Lakehouse Overview
Introducing Lakehouse
Lakehouse represents a new, open architecture that combines the best elements of data lakes and data warehouses. It combines data lake scalability and cost-effectiveness with data warehouse reliability and performance. The well known data lake format such like Apache Iceberg, Apache Paimon, Apache Hudi and Delta Lake play key roles in the Lakehouse architecture, facilitating a harmonious balance between data storage, reliability, and analytical capabilities within a single, unified platform.
Lakehouse, as a modern architecture, is effective in addressing the complex needs of data management and analytics. But they can hardly meet the scenario of real-time analytics requiring sub-second-level data freshness limited by their implementation. With these data lake formats, you will get into a contradictory situation:
- If you require low latency, then you write and commit frequently, which means many small Parquet files. This becomes inefficient for reads which must now deal with masses of small files.
- If you require read efficiency, then you accumulate data until you can write to large Parquet files, but this introduces much higher latency.
Overall, these data lake formats typically achieve data freshness at best within minute-level granularity, even under optimal usage conditions.
Streaming Lakehouse: Streaming & Lakehouse Unification
Fluss is a streaming storage supporting streaming reads and writes with sub-second low latency. With Lakehouse Storage, Fluss unifies data streaming and data Lakehouse by serving real-time streaming data on top of Lakehouse. This not only brings low latency to data Lakehouse, but also adds powerful analytics to data streams.
In order to build Streaming Lakehouse, Fluss maintains a compaction service to compact the real-time data in Fluss cluster into Lakehouse storage. The data in Fluss cluster (streaming Arrow format) is write-optimized for low-latency read and write, and the compacted data in Lakehouse (Parquet format with compressions) is read-optimized for powerful analytics and space-optimized for storing long-term data. So the data in Fluss cluster serves real-time data layer which retains days with sub-second-level freshness, and the data in Lakehouse serves historical data layer which retains months with minute-level freshness.
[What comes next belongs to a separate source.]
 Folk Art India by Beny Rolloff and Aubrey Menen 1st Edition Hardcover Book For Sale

The core idea of Streaming Lakehouse is shared data and shared metadata between stream and Lakehouse, avoiding data duplication and metadata inconsistency. Some powerful features it provided are:
- Unified Metadata: Fluss provides a unified table metadata for both data in Stream and Lakehouse. So users only need to handle one table, but can access either the real-time streaming data, or the historical data, or the union of them.
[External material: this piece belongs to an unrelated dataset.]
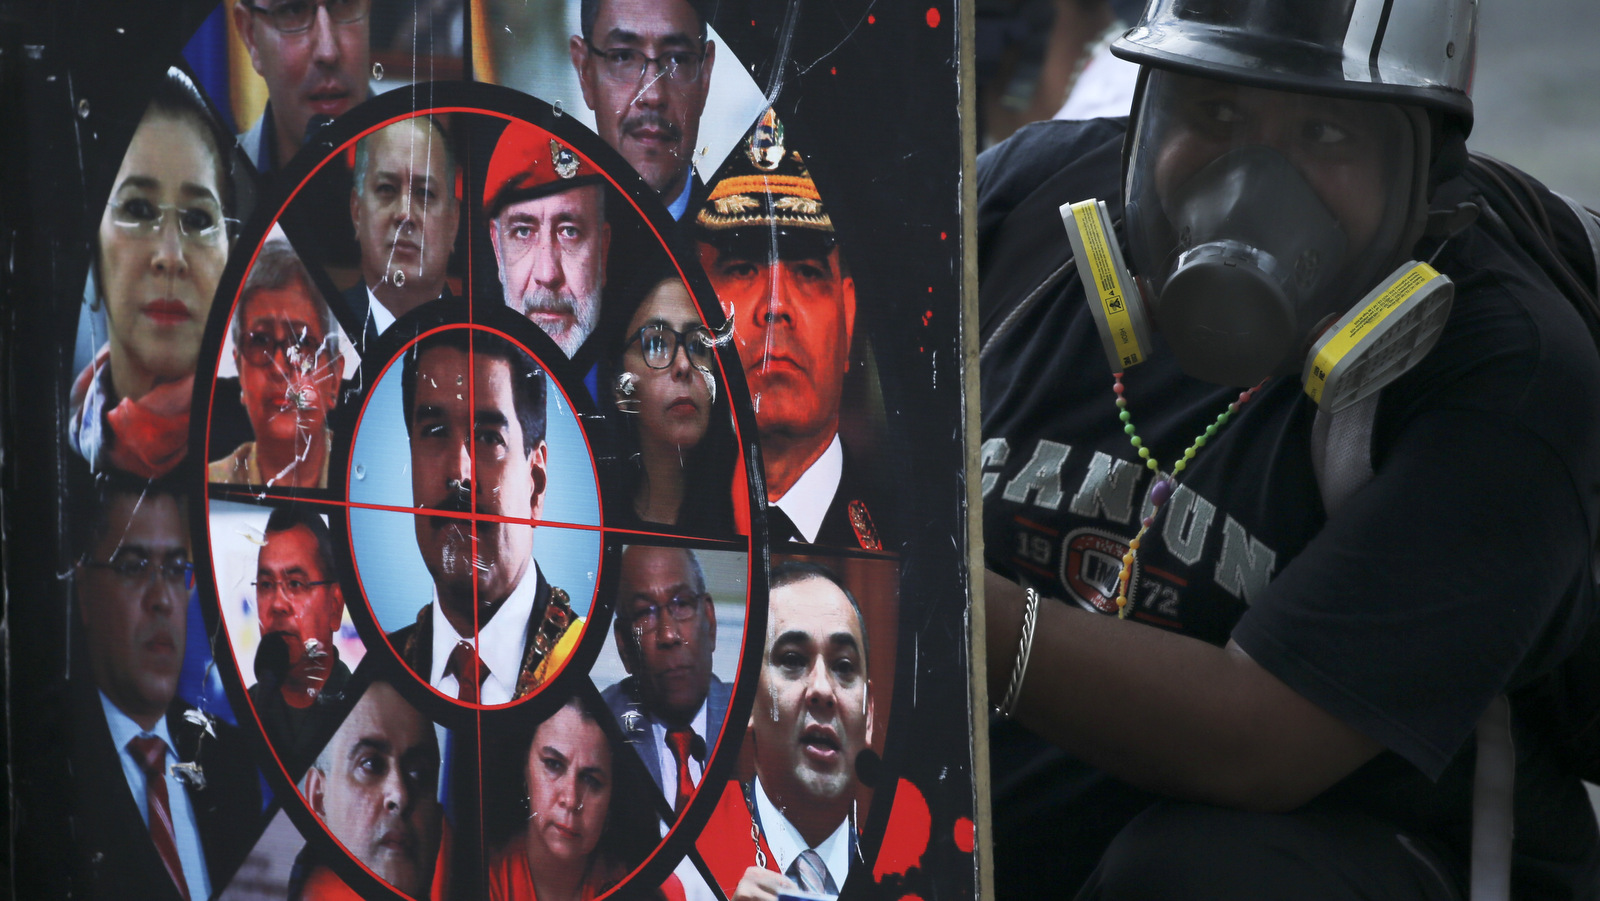 An anti-government protester holds a shield brandished with photos of President Nicolas Maduro, government officials and a gun sight, during clashes with security forces in Caracas, Venezuela, July 22, 2017. (AP/Fernando Llano)

- Union Reads: Compute engines perform queries on the table will read the union of the real-time streaming data and Lakehouse data. Currently, only Flink supports union reads, but more engines are on the roadmap.
- Real-Time Lakehouse: The union reads help Lakehouse evolving from near-real-time analytics to truly real-time analytics. This empowers businesses to gain more valuable insights from real-time data.
- Analytical Streams: The union reads help data streams to have the powerful analytics capabilities. This reduces complexity when developing streaming applications, simplifies debugging, and allows for immediate access to live data insights.
- Connect to Lakehouse Ecosystem: Fluss keeps the table metadata in sync with data lake catalogs while compacting data into Lakehouse. This allows external engines like Spark, StarRocks, Flink, Trino to read the data directly by connecting to the data lake catalog.
Currently, Fluss supports Paimon as Lakehouse Storage, more kinds of data lake formats are on the roadmap.